Sunday, May 31, 2009

It is harder to fight when you can't talk about what may have been....

This thought came to me from a fleeting memory in which I was a frustrated and emotional young woman trying desperately to fight with her husband, but literally unable to talk about what might have been. For the lack of certain verb forms (the conditional and the past tense subjunctive), I was only able to talk about what really had happened.

The fight was unable to progress because I could not clearly communicate my fears about some imaginary situation, probably to the benefit of us all.

Now, of course, it is easy enough to pick a fight over things that have happened or are happening (or at least how we have interpreted them), but it seems lovely to at least take out the fights, the worries, and the tears.... all caused by things that only happened in our minds.

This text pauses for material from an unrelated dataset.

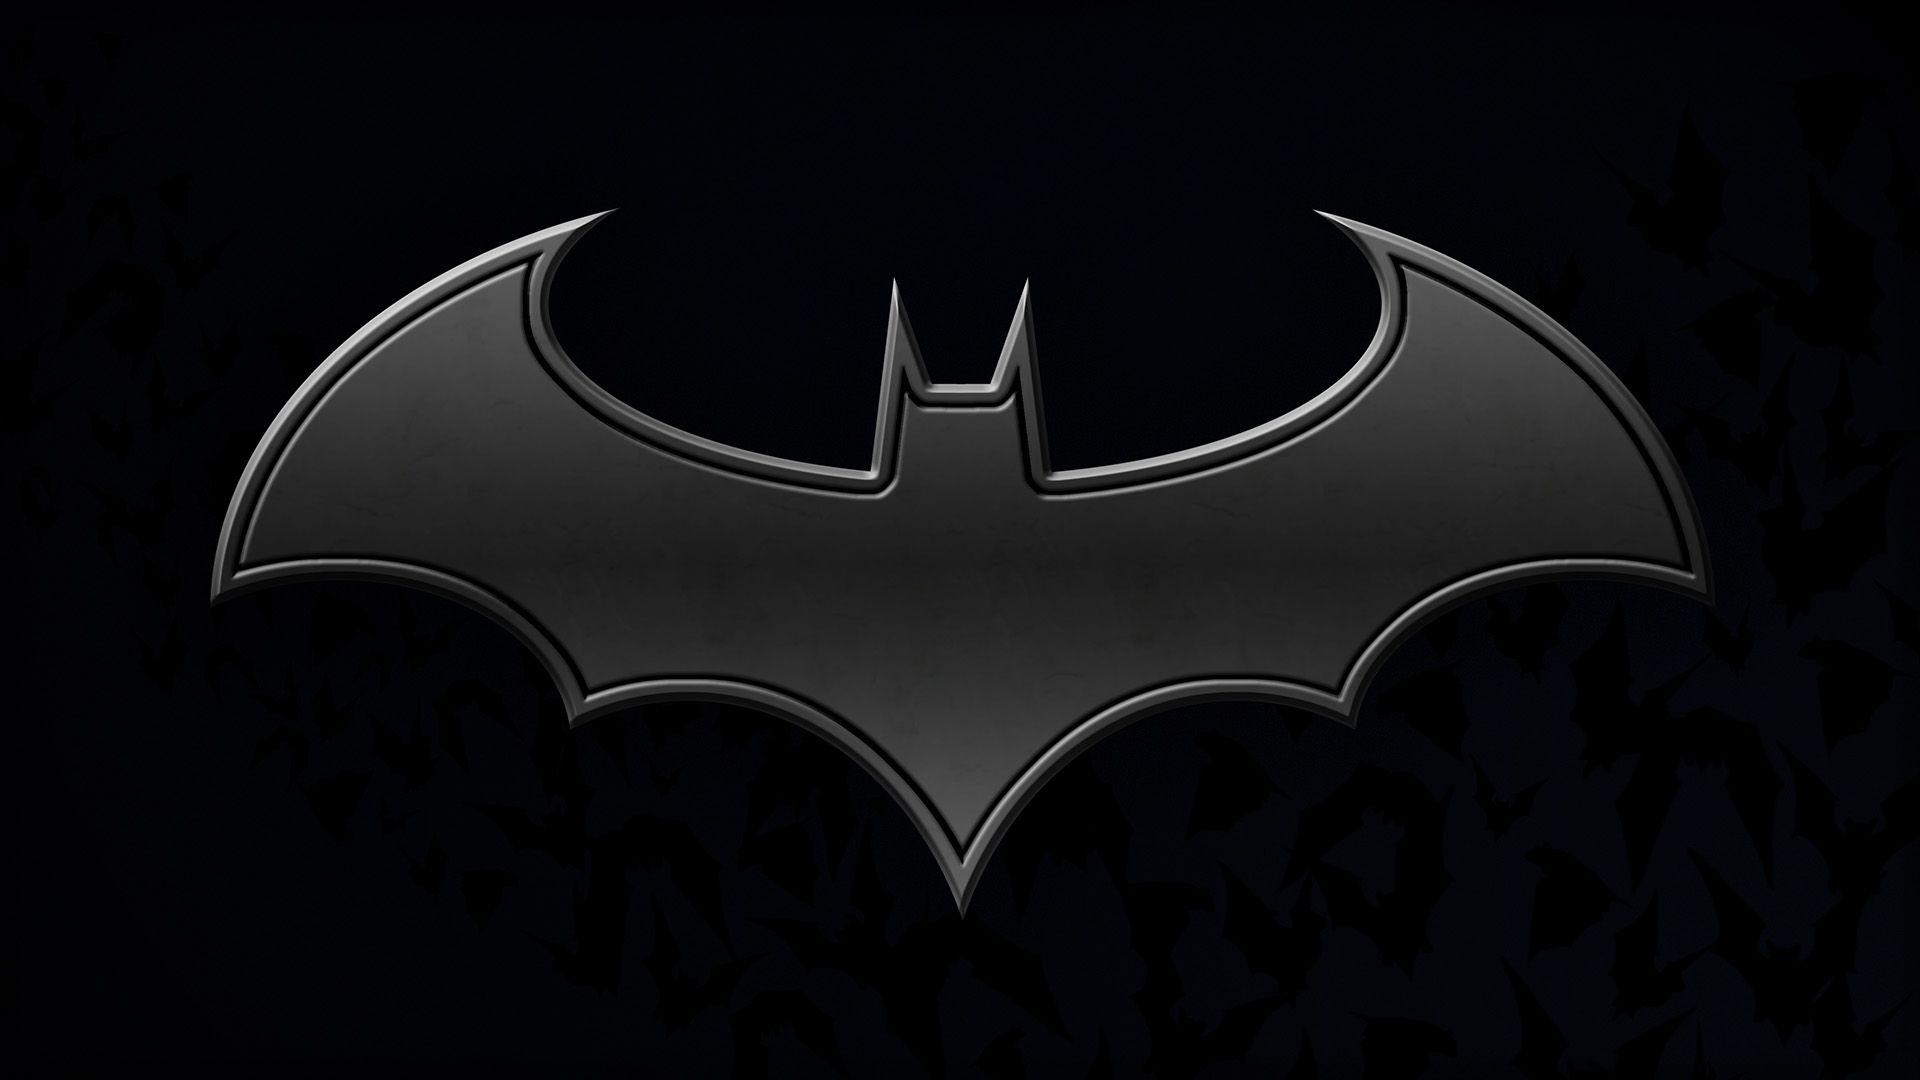 Batman HD Wallpapers For Desktop 1920x1080 Animated 39

Hmm... The funny part is that when I start to look at that last little paragraph, I quietly realize that all of the fights and problems have not been caused by the situations (real or imaginary) but by the whining and whimpering, or stomping and screaming of my ego.

Whenever I let go of Love and forget to pay attention, whenever I get caught up in the drama of situations that might have been or that might be, whenever I start imagining the repercussions or insinuations of each little word and action, then my ego takes center stage - rending hair and beating a deep and powerful percussion that whips everything up into a Dionysian frenzy. And while I play the part in that emotional Bacchanal, I am distanced from truth, and I let myself suffer (probably becauses it feeds into my "poor me" drama that keeps my ego going).

I guess the trick is to be unable to fight about these things that might have been, even when I have the words to do so, to see how pointless and silly it is to rage against the ghost in the machine, to just breathe and let the words come from that quietness of what really is.